Department of Orthopedic Surgery, School of Medicine, Keio University, Tokyo, Japan.
Laboratory of Cell and Tissue Biology, School of Medicine, Keio University, Tokyo, Japan.
Am J Sports Med. 2021 Feb;49(2):332-339. doi: 10.1177/0363546520984122. Epub 2021 Jan 11.
The infiltration of fat tissue into skeletal muscle, a condition referred to as muscle fatty infiltration or fatty degeneration, is regarded as an irreversible event that significantly compromises the motor function of skeletal muscle.
To investigate the effect of retinoic acid receptor (RAR) agonists in suppressing the adipogenic differentiation of fibroadipogenic progenitors (FAPs) in vitro and fatty infiltration after rotator cuff tear in mice.
Controlled laboratory study.
FAPs isolated from mouse skeletal muscle were cultured in adipogenic differentiation medium in the presence or absence of an RAR agonist. At the end of cell culture, adipogenic differentiation was evaluated by gene expression analysis and oil red O staining. A mouse model of fatty infiltration-which includes the resection of the rotator cuff, removal of the humeral head, and denervation the supraspinatus muscle-was used to induce fatty infiltration in the supraspinatus muscle. The mice were orally or intramuscularly administered with an RAR agonist after the surgery. Muscle fatty infiltration was evaluated by histology and gene expression analysis.

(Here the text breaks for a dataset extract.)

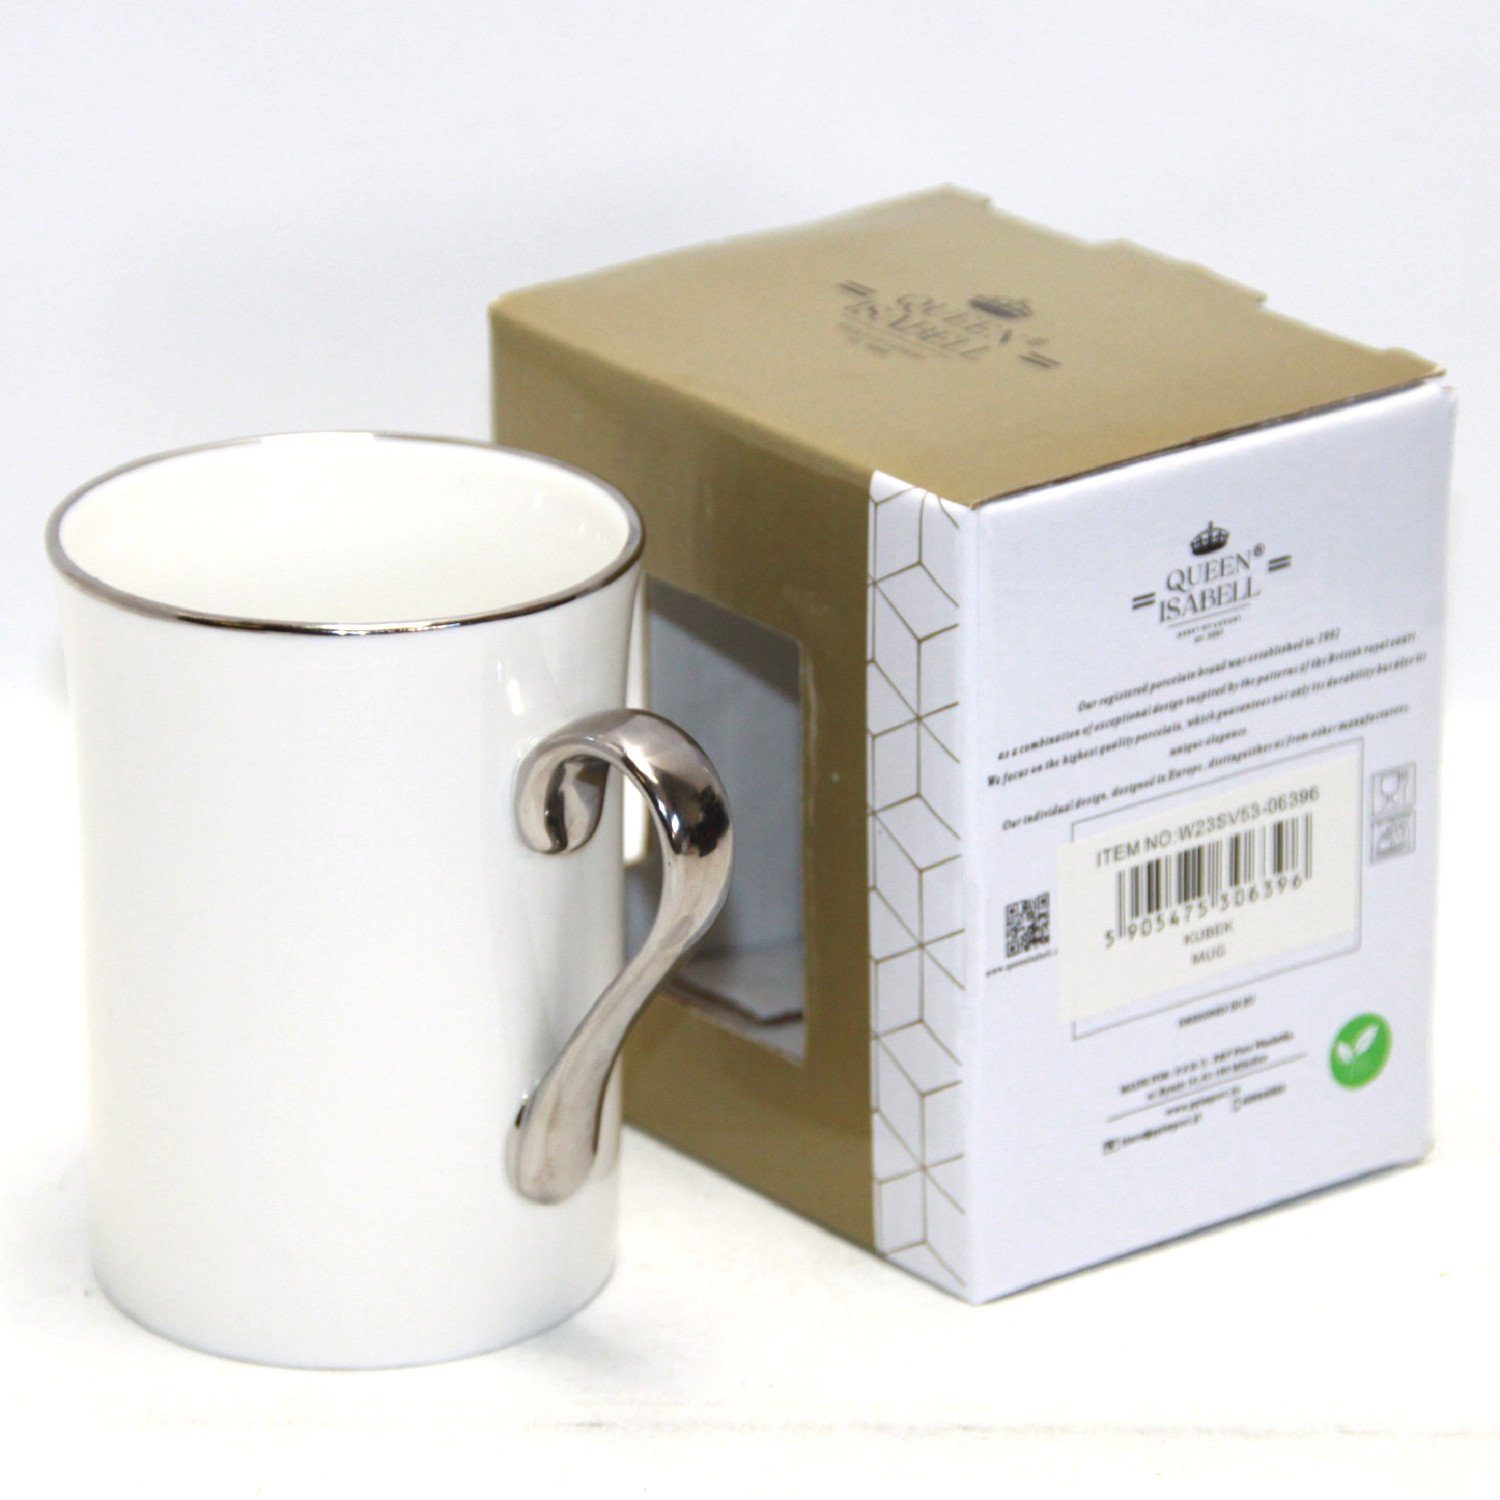 Porzellan-Kaffeebecher Isabell Queen 250ml W23SV53-06396, Becher

RAR agonists effectively inhibited the adipogenic differentiation of FAPs in vitro. Oral and intramuscular administration of RAR agonists suppressed the development of muscle fatty infiltration in the mice after rotator cuff tear. In accordance, we found a significant decrease in the number of intramuscular fat cells and suppressed expression in adipogenic markers. RAR agonists also increased the expression of the transcripts for collagens; however, an accumulation of collagenous tissues was not histologically evident in the present model.
Muscle fatty infiltration can be alleviated by RAR agonists through suppressing the adipogenic differentiation of FAPs. The results also suggest that RAR agonists are potential therapeutic agents for treating patients who are at risk of developing muscle fatty infiltration. The consequence of the increased expression of collagen transcripts by RAR agonists needs to be clarified.

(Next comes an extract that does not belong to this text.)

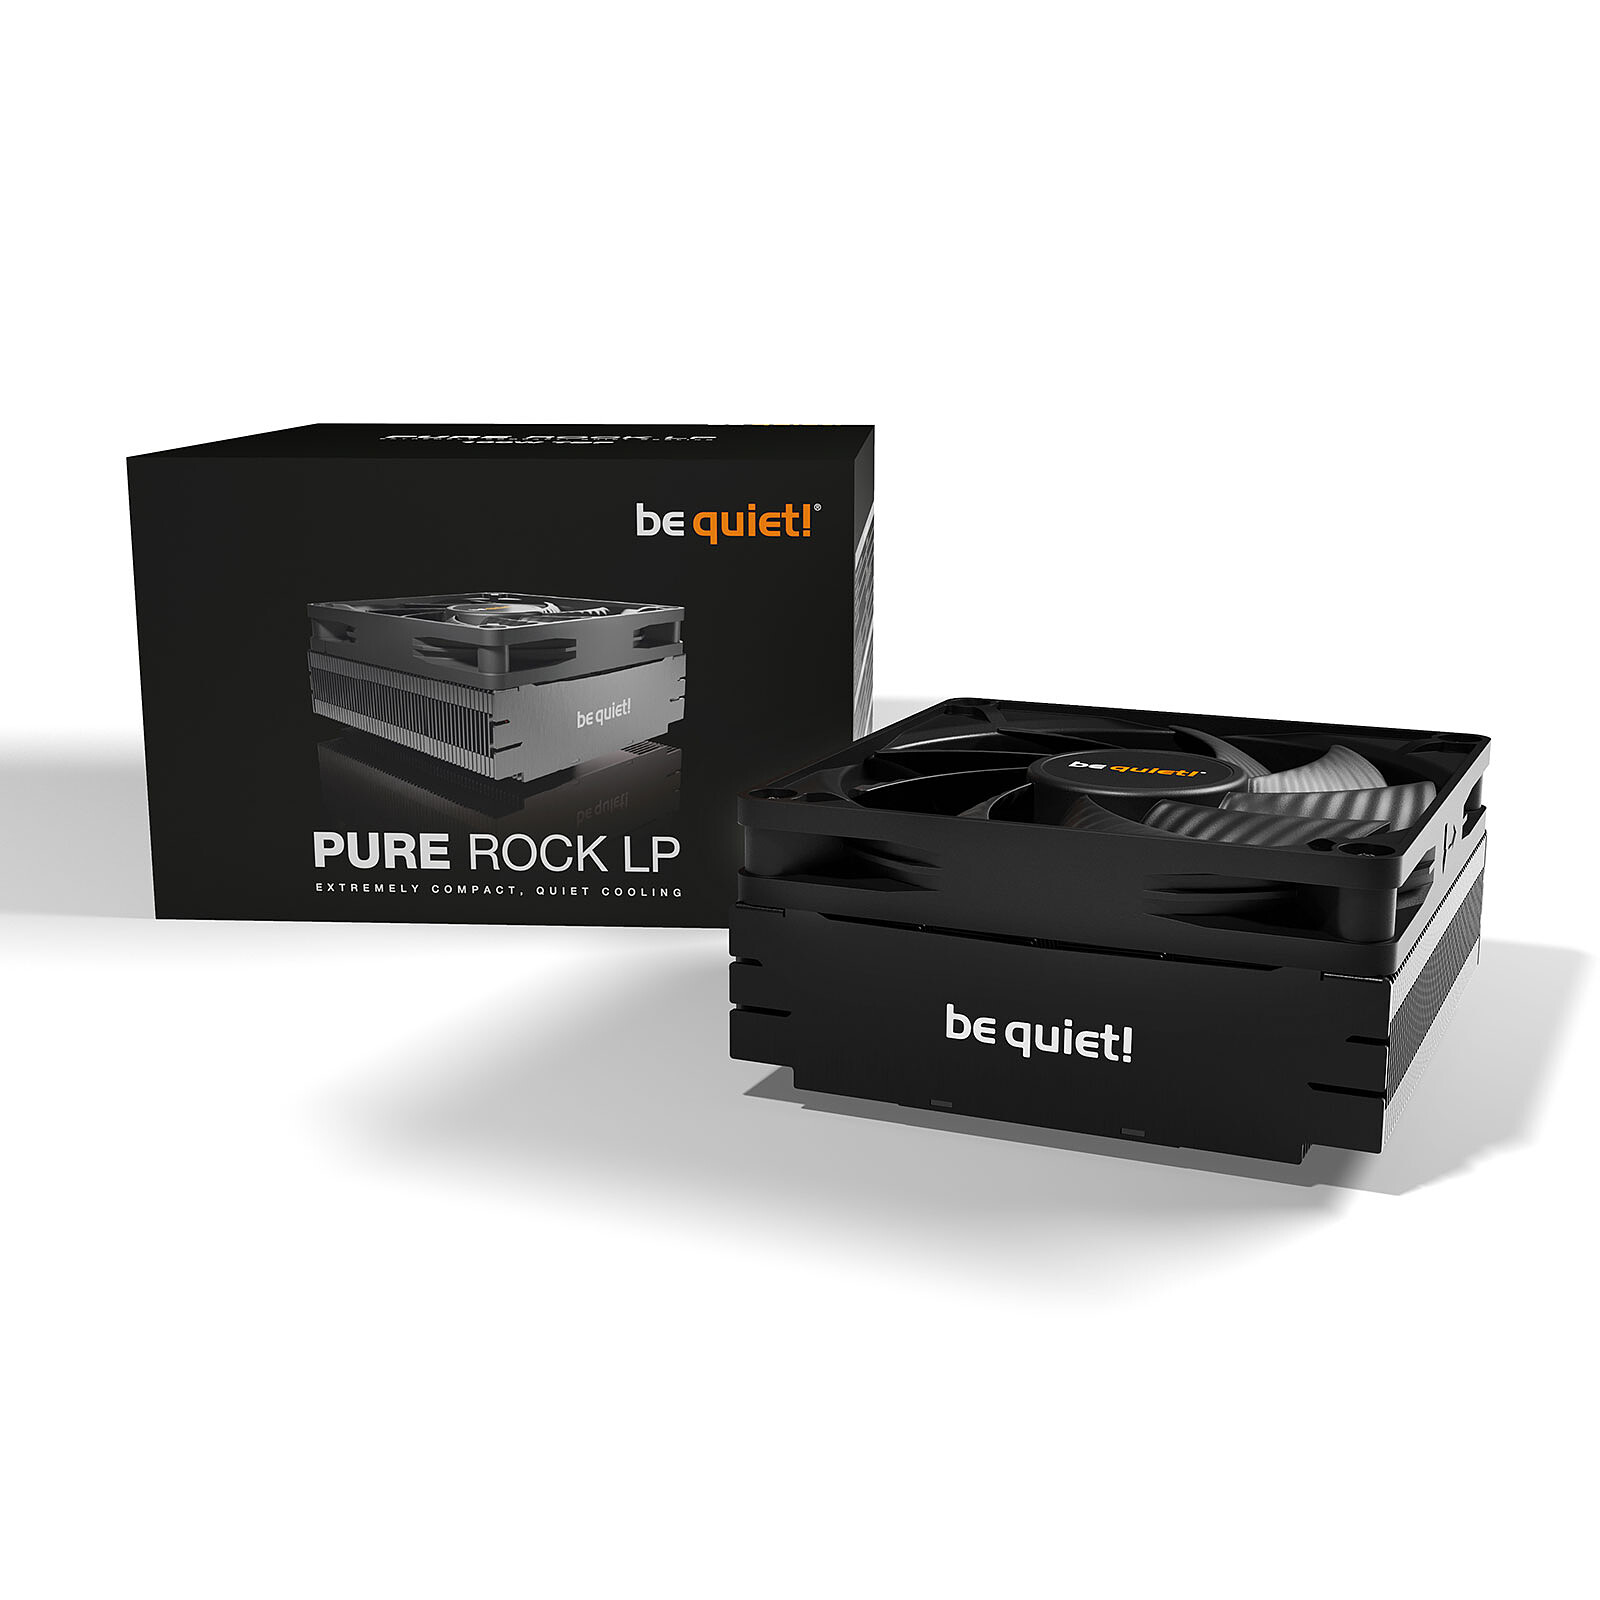 be quiet! Pure Rock 2 FX Black - Ventilateur processeur - LDLC

RAR agonists can be used to prevent the development of muscle fatty infiltration after rotator cuff tear. Nevertheless, further studies are mandatory in a large animal model to examine the safety and efficacy of intramuscular injection of RAR agonists.
脂肪组织浸润骨骼肌,这种情况被称为肌肉脂肪浸润或脂肪变性,被认为是一种不可逆的事件,会显著损害骨骼肌的运动功能。

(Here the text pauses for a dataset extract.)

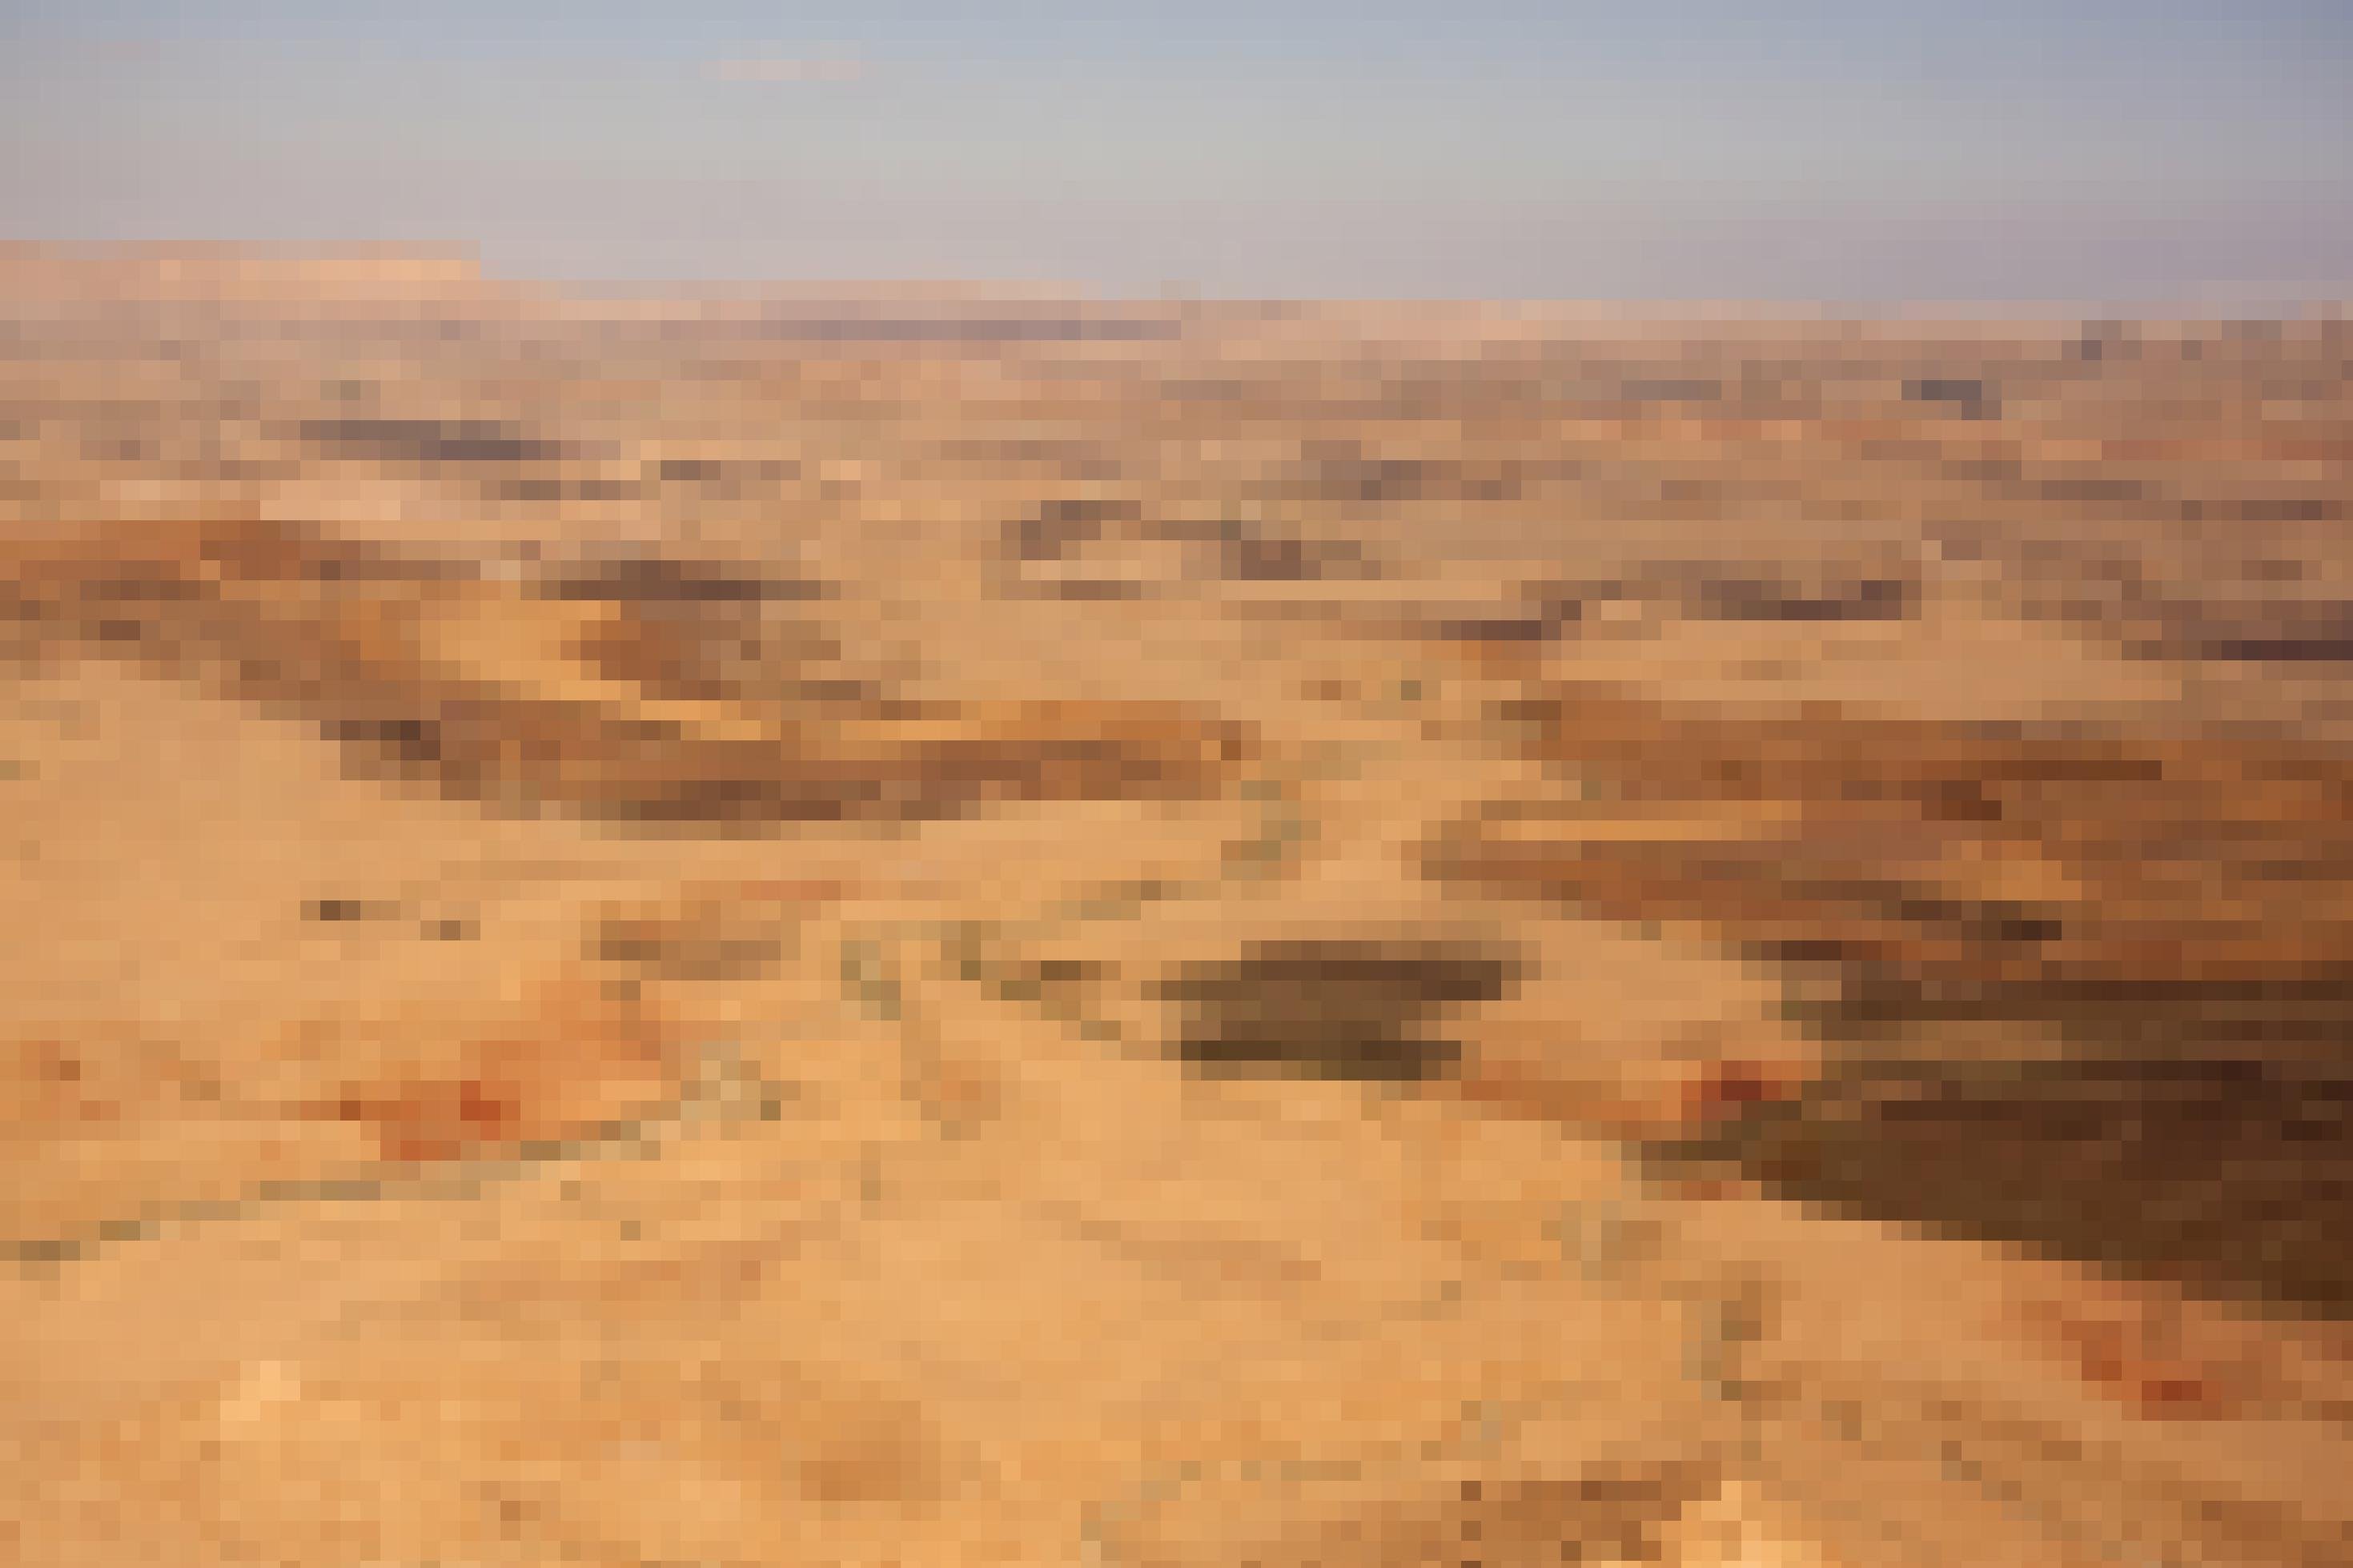 Ein Foto der Negev-Wüste in Israel. Eine weite Steinwüste so weit das Auge reicht.

研究维 A 酸受体(RAR)激动剂在体外抑制纤维脂肪祖细胞(FAP)成脂分化以及抑制小鼠肩袖撕裂后脂肪浸润的作用。
对照实验室研究。
从鼠骨骼肌中分离出 FAP,在存在或不存在 RAR 激动剂的情况下,在成脂分化培养基中培养。细胞培养结束时,通过基因表达分析和油红 O 染色评估成脂分化。采用肩袖切除、肱骨头去除和冈上肌去神经支配的小鼠模型,诱导冈上肌脂肪浸润。手术后,通过口服或肌肉内给予 RAR 激动剂。通过组织学和基因表达分析评估肌肉脂肪浸润。
RAR 激动剂可有效抑制 FAP 的体外成脂分化。口服和肌肉内给予 RAR 激动剂可抑制肩袖撕裂后小鼠肌肉脂肪浸润的发展。相应地,我们发现肌肉内脂肪细胞数量减少,脂肪生成标志物表达受到抑制。RAR 激动剂还增加了胶原蛋白转录物的表达;然而,在本模型中,组织学上没有胶原组织的积累。
通过抑制 FAP 的成脂分化,RAR 激动剂可减轻肌肉脂肪浸润。结果还表明,RAR 激动剂可能是治疗有发生肌肉脂肪浸润风险的患者的潜在治疗药物。RAR 激动剂增加胶原蛋白转录物表达的后果需要进一步阐明。
RAR 激动剂可用于预防肩袖撕裂后肌肉脂肪浸润的发生。然而,在大型动物模型中,仍需要进一步研究以检查 RAR 激动剂肌肉内注射的安全性和有效性。